Le texte qui allonge le délai légal d’accès à l’IVG de 12 à 14 semaines de grossesse (16 semaines d’aménorrhée), a été voté par 86 voix pour, 59 contre et 7 abstentions, la plupart des groupes politiques étant partagés. C’est désormais au tour du Sénat de s’en saisir.
Du fait d’un manque de praticiens et de la fermeture progressive de centres IVG, il s’écoule souvent plusieurs semaines entre le premier rendez-vous et l’intervention.
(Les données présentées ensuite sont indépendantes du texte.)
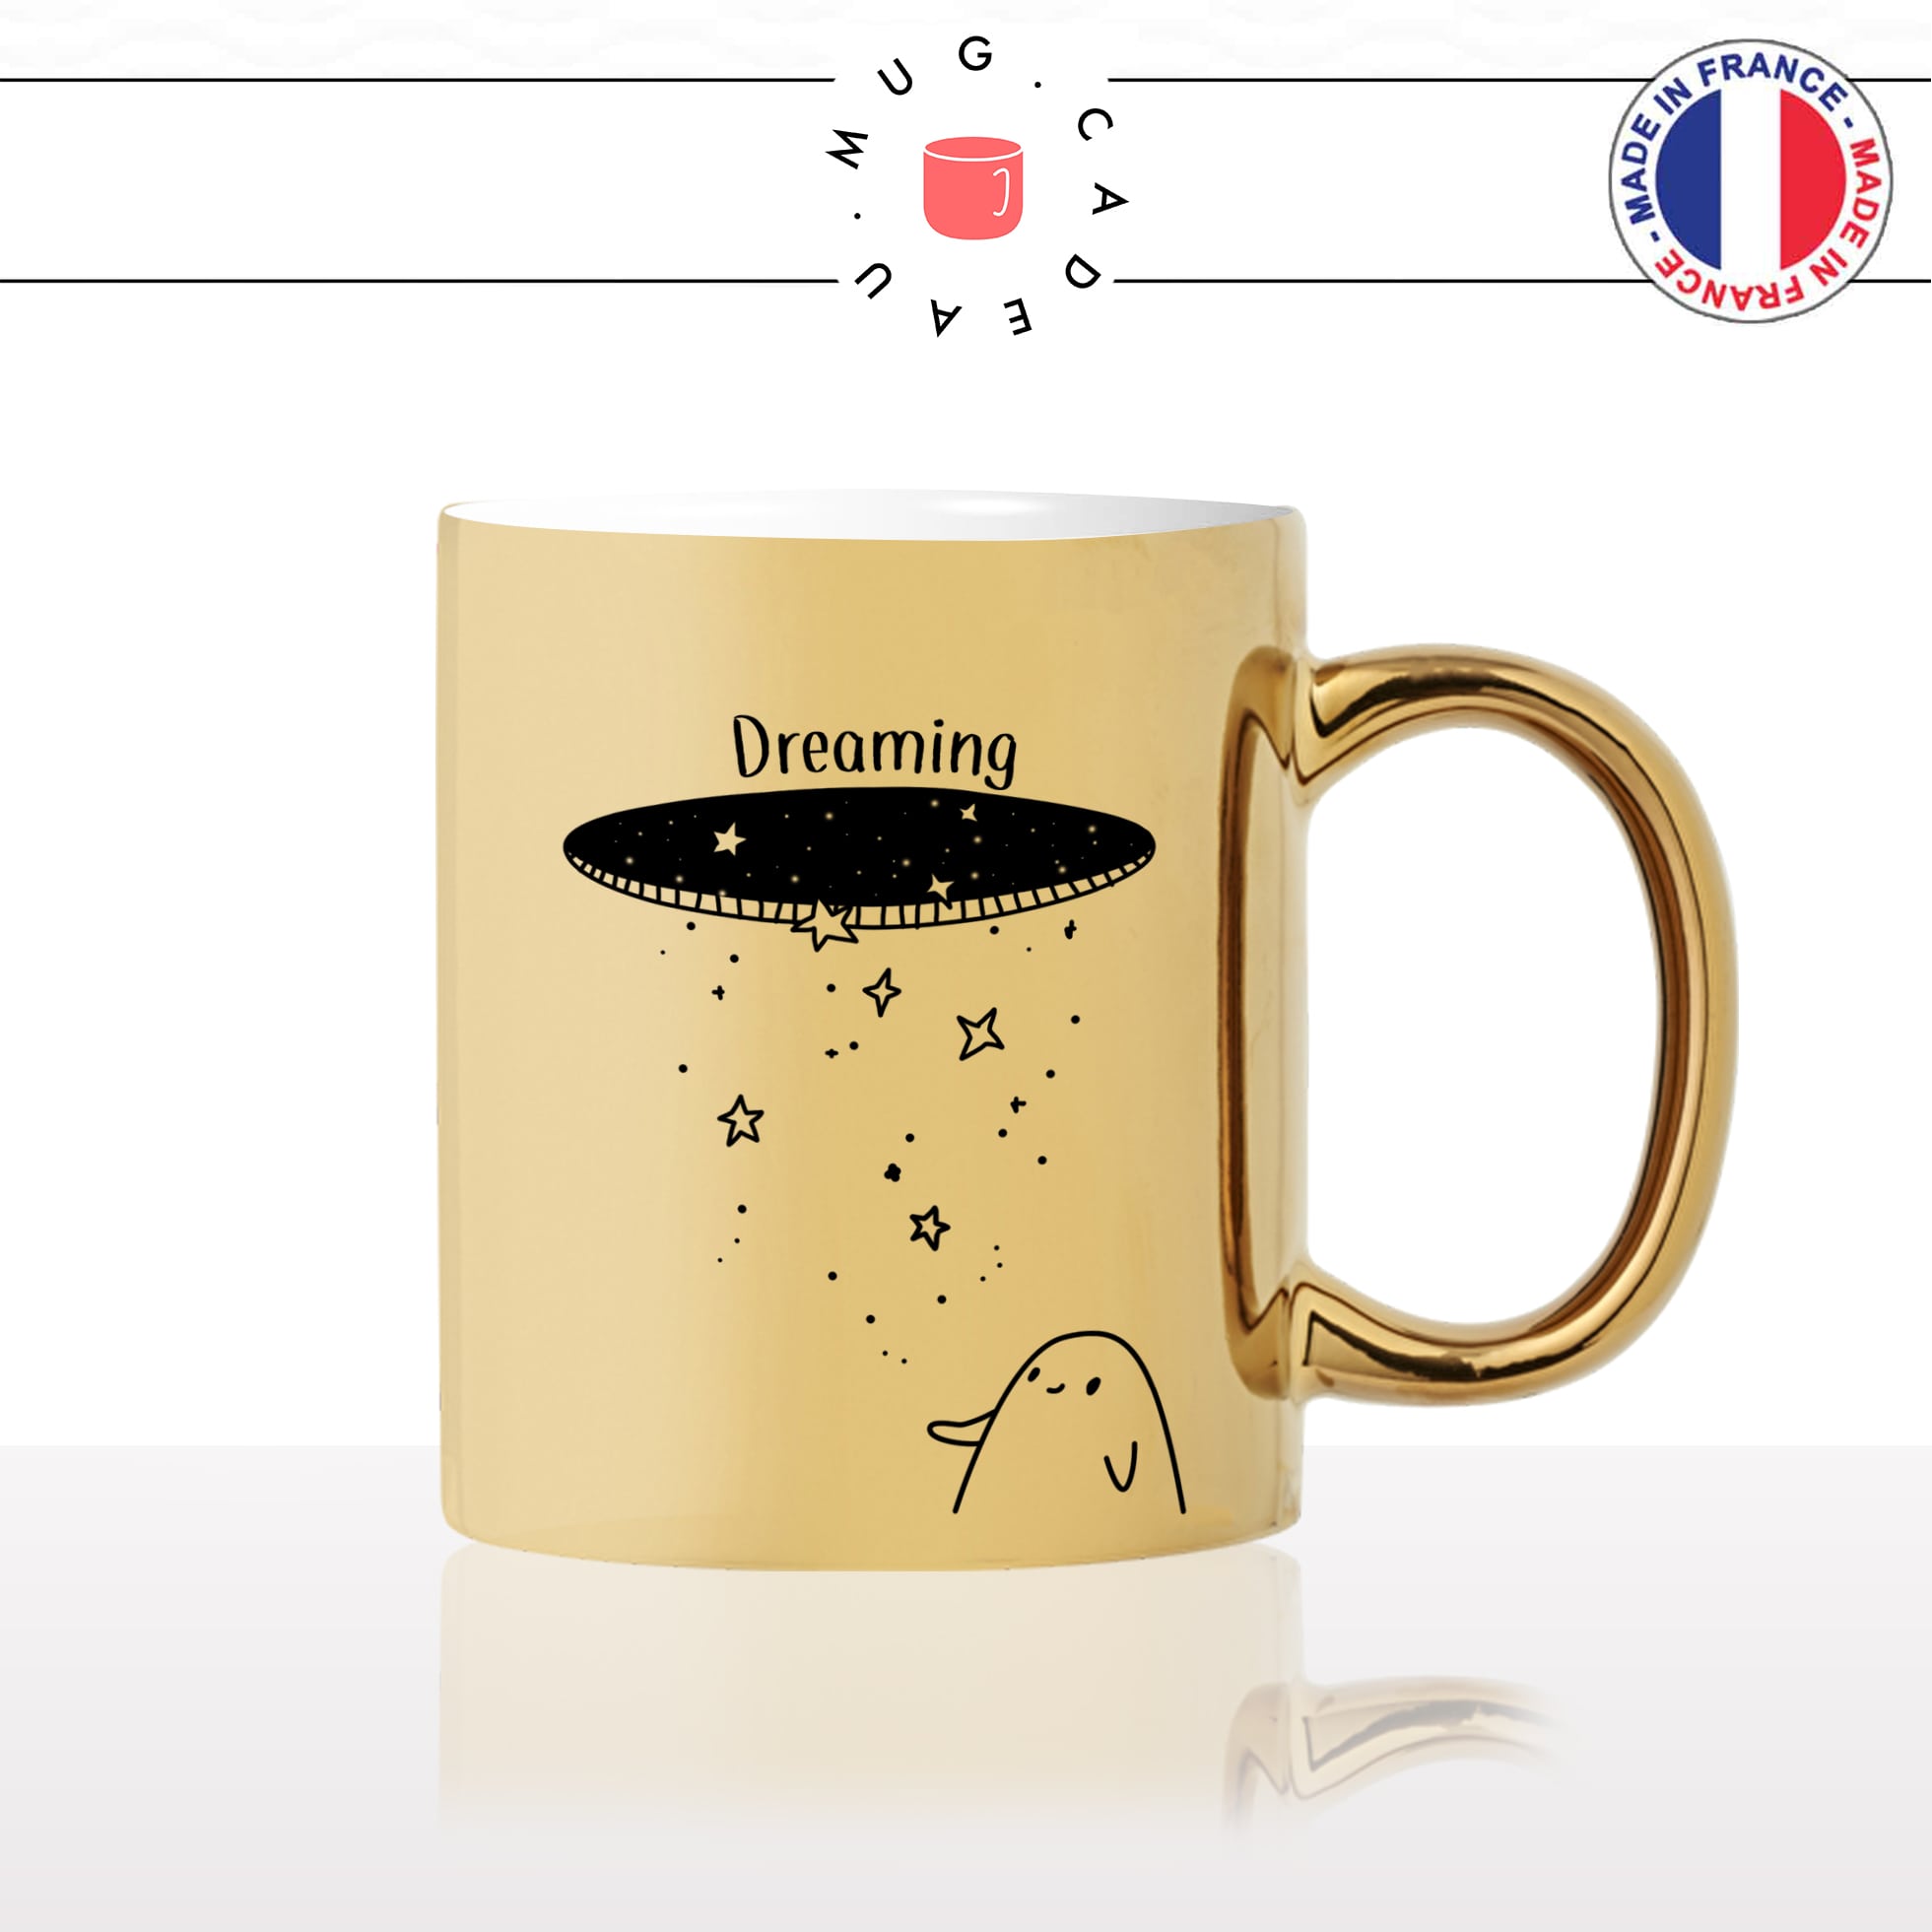 mug-tasse-or-doré-gold-espace-dreaming-etoiles-fantome-alien-space-planetes-nasa-cool-idée-cadeau-drole-original-fun-café-thé-personnalisé2-min

Chaque année, entre 3000 et 4000 femmes “hors délai” partiraient avorter à l’étranger, selon un rapport parlementaire publié en 2000.
Huées, bronca ou à l’inverse salves d’applaudissements: les débats entre les partisans du texte et ses opposants, de la droite et d’ex-“marcheurs” comme Joachim Son-Forget et Agnès Thill, ont fait resurgir les fantômes des discussions sur la loi Veil, adoptée il y a 45 ans.
“Nous attendons que les femmes puissent vivre leur accès à l’avortement comme elles le souhaitent. Les entraves continuent dans notre pays”, a tonné l’élue LREM Aurore Bergé.
.@auroreberge : “Nous sommes dans cet hémicycle un certain nombre de femmes à avoir eu recours à l’#IVG, et nous n’attendons ni compassion, ni commisération, ni en fait rien, nous attendons que les femmes puissent vivre leur accès à l’avortement sans entrave”. #DirectANpic.twitter.com/K14azrmgPx
— LCP (@LCP) October 8, 2020
“Personne ne remet en cause le droit à l’IVG”, se sont défendu à plusieurs reprises les parlementaires de droite.
L’ex-LREM Matthieu Orphelin, président du groupe EDS (Écologie, démocratie, solidarité) qui avait mis ce texte à l’ordre du jour, s’est félicité d’avoir “tenu bon”: “Les combats pour les droits des femmes sont toujours difficiles face aux conservateurs”.
De la gauche à la droite, tous les députés ou presque ont invoqué les mânes de Simone Veil décédée en 2017, qui a fait adopter la loi dépénalisant le recours à l’interruption volontaire de grossesse (IVG), pour défendre leurs positions.
Le ministre de la Santé Olivier Véran avait d’emblée qualifié le sujet de “sensible”, voire “prématuré”. Le gouvernement avait choisi d’avancer avec prudence sur un terrain qu’il juge trop miné pour être débattu lors d’une “niche” parlementaire. Un avis largement partagé à droite.
Un “déséquilibre” de la loi Veil pour les opposants au texte
Portée par la députée EDS Albane Gaillot, la proposition de loi a obtenu un large soutien de LREM. Elle fait suite à un rapport parlementaire de la délégation aux Droits des femmes de l’Assemblée qui préconisait cette mesure sur le délai de l’IVG.
Si les alliés de la majorité MoDem et Agir se sont montrés majoritairement opposés à la réforme, l’ensemble de la gauche a soutenu la proposition de loi. C’est d’ailleurs du groupe LFI que les plaidoyers furent portés avec le plus d’élan, à l’instar de Jean-Luc Mélenchon ou de Clémentine Autain, qui a raconté avoir elle-même avorté mais en se heurtant à une question de “délai”.
De la droite aux centristes, les opposants ont ferraillé à chaque article et critiqué des dispositions qu’ils jugent venir “déséquilibrer” la loi Veil, comme l’ont souligné Jean-Christophe Lagarde (UDI) ou Jean-Louis Bourlanges (MoDem).
Dans leur ligne de mire: la suppression de la clause de conscience spécifique pour les médecins et sages-femmes, qui maintient l’IVG “dans un statut à part” alors que “c’est un acte de santé comme un autre”, selon Albane Gaillot. Une affirmation qui a hérissé les opposants. “Ce texte ne représente pas un “progrès” mais une dérive purement idéologique”, a tweeté la présidente du RN Marine Le Pen.
Le RN refuse l’allongement du délai légal de l’IVG de 12 à 14 semaines. Il s’opposera également à la volonté de supprimer la clause de conscience des médecins.
Ce texte ne représente pas un « progrès » mais une dérive purement idéologique. MLP #PPLIVG
— Marine Le Pen (@MLP_officiel) October 8, 2020
Pour le gouvernement, la partition est délicate. Olivier Véran a rappelé qu’il était essentiel d’attendre l’avis du Comité consultatif national d’éthique (CCNE), que le gouvernement a saisi mardi, “pour faire un travail complet abouti” et éclairer les débats. Celui-ci doit rendre son avis courant novembre, probablement avant le passage au Sénat.